The S&P 500 was up 0.8 percent by midday on Wall Street, but below previous levels that had pushed it up more than 1 percent. The most important US stock barometer slipped almost 3 percent on Wednesday, the sharpest decline since August.

“Any decline is a buying opportunity right now,” said Steve Sosnick, chief global strategist at Interactive Brokers. “One could argue the selling was overdone, but seeing the market recover…” . . just tells you that traders are programmed to buy on dips, no matter the reason.”

The tech-heavy Nasdaq Composite gained 1 percent after falling 3.6 percent on Wednesday. Six of the “Magnificent Seven” tech giants – Apple, Microsoft, Alphabet, Amazon, Meta and Nvidia – have made progress. However, Tesla, boosted in part by co-founder Elon Musk’s good relations with President-elect Donald Trump, slipped 1 percent after falling 8 percent in the previous session.

“We’ve been so focused on Trump (in recent weeks), but right now it seems almost like a Jay Powell-style stock market again,” said Jeff Weniger, head of equity strategy at WisdomTree, referring to the chairman the Fed.

In bond markets, the yield on the benchmark 10-year Treasury note rose another 0.05 percentage points to 4.55 percent, its highest level in more than six months, after rising sharply on Wednesday.
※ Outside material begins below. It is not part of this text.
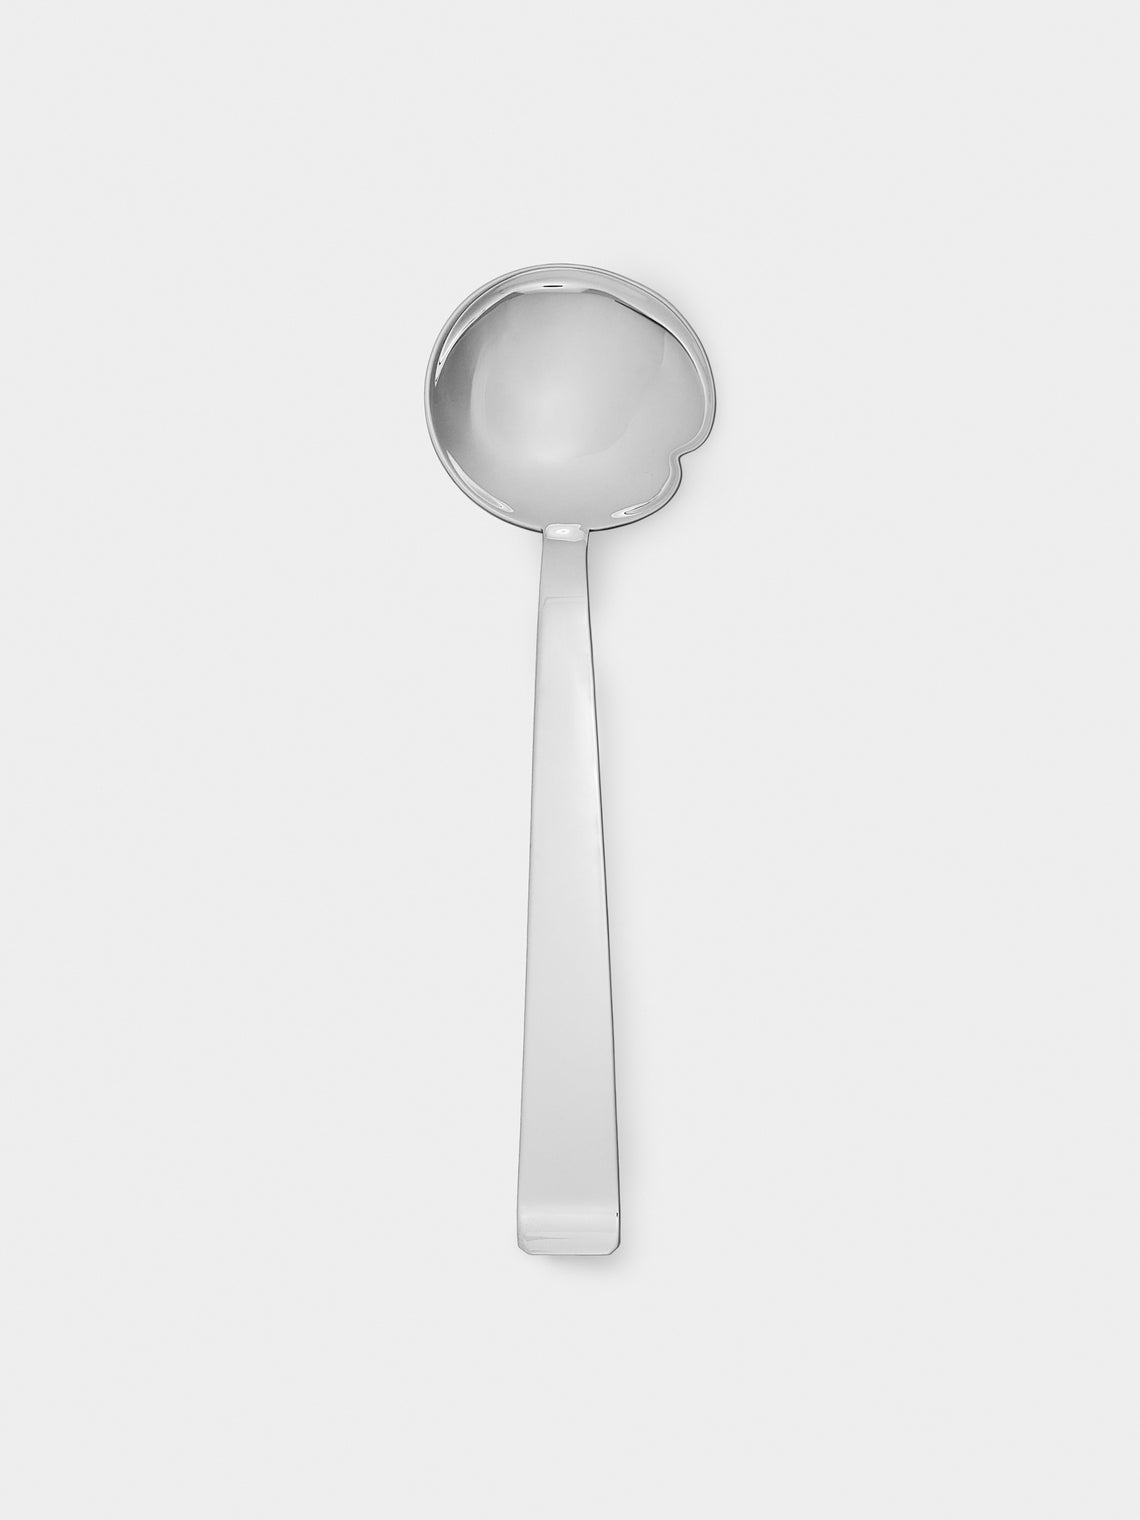 Wiener Silber Manufactur - Josef Hoffmann 135 Silver-Plated Cutlery - Silver - ABASK

The dollar gained another 0.2 percent against a basket of peers on Thursday, after rising to its highest level since November 2022 in the previous session.

The Fed cut interest rates by a quarter point on Wednesday, but rattled investors after it raised its inflation forecasts for 2025 and scaled back its forecasts for further rate cuts. It was the central bank’s last meeting before Trump takes office next month.
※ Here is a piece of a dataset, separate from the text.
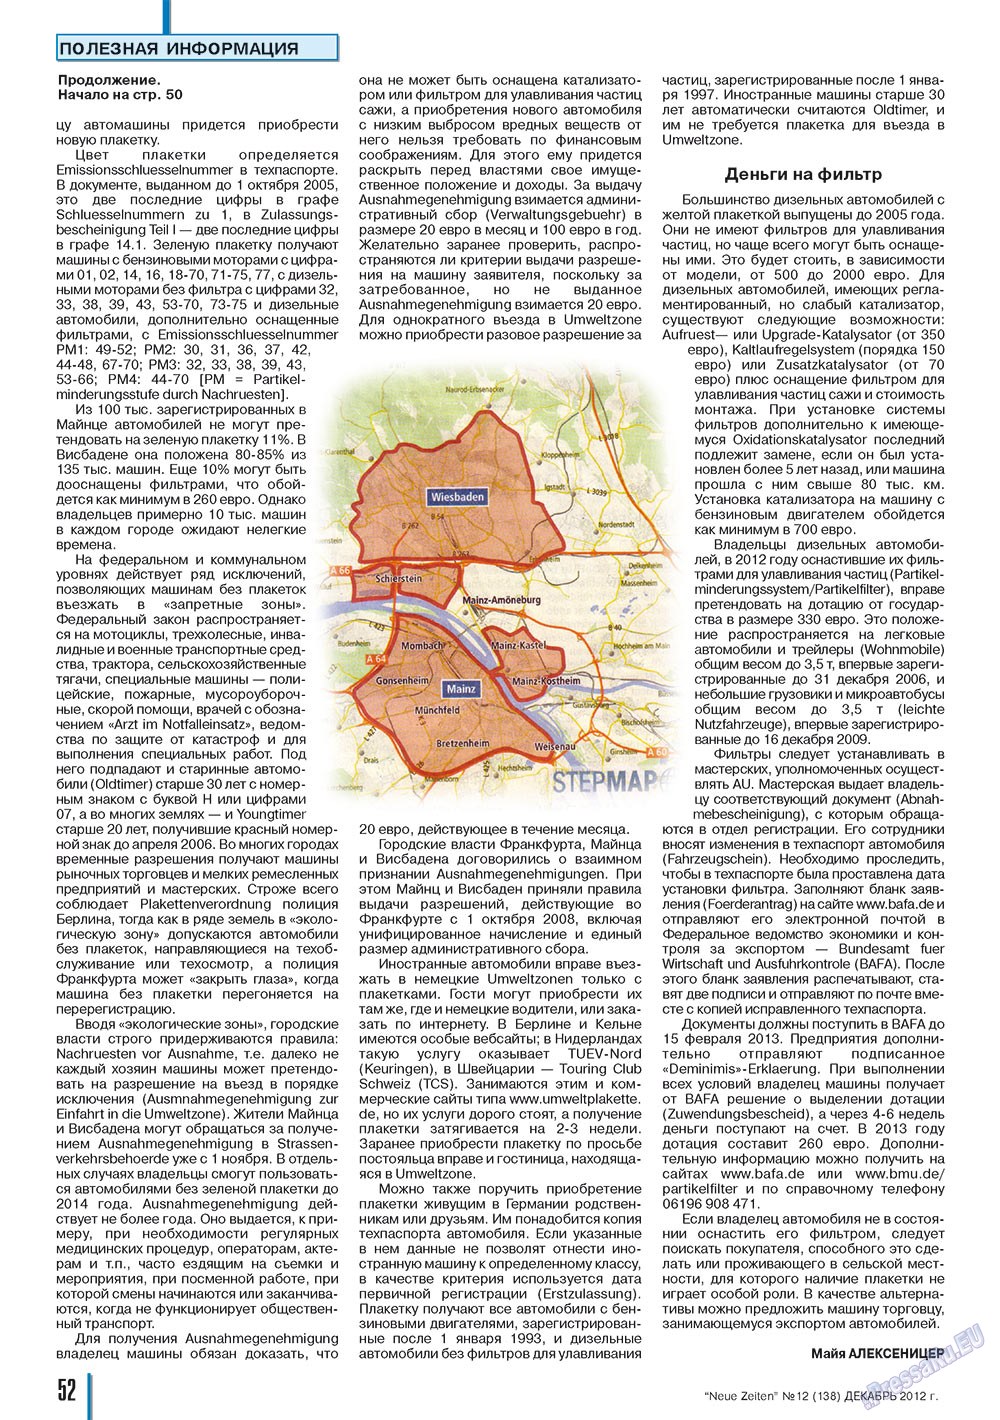 Neue Zeiten (журнал). 2012 год, номер 12, стр. 52

Concerns that inflation could stagnate above 2 percent contributed to Fed officials forecasting only half a percentage point worth of cuts in 2025, down from a full percentage point in their previous forecasts in September.

“I think the market was expecting the Fed to cut rates, but also maintained the possibility of further cuts next year,” said Akshay Singal, global head of short-term rates trading at Citigroup.

Instead, the Federal Reserve has made a significant change in policy and has given itself more of an opportunity to “keep interest rates on hold for a period of time” to absorb any impact of looser fiscal policy, he added, predicting that the hawkish rhetoric will weigh on the dollar would boost further.

According to CME Group data based on federal funds futures, investors now see about an 85 percent chance that the Fed will either refrain from cutting rates or cut rates once or twice next year.

The Fed’s hawkish outlook ricocheted on markets in Europe and Asia on Thursday. Europe’s benchmark Stoxx 600 fell 1.5 percent and Britain’s FTSE 100 fell 1.1 percent. Previously, the markets in India, Japan, South Korea and Hong Kong also closed in the red.

Emerging market stocks were also affected, with MSCI’s broad EM index falling 1.1 percent.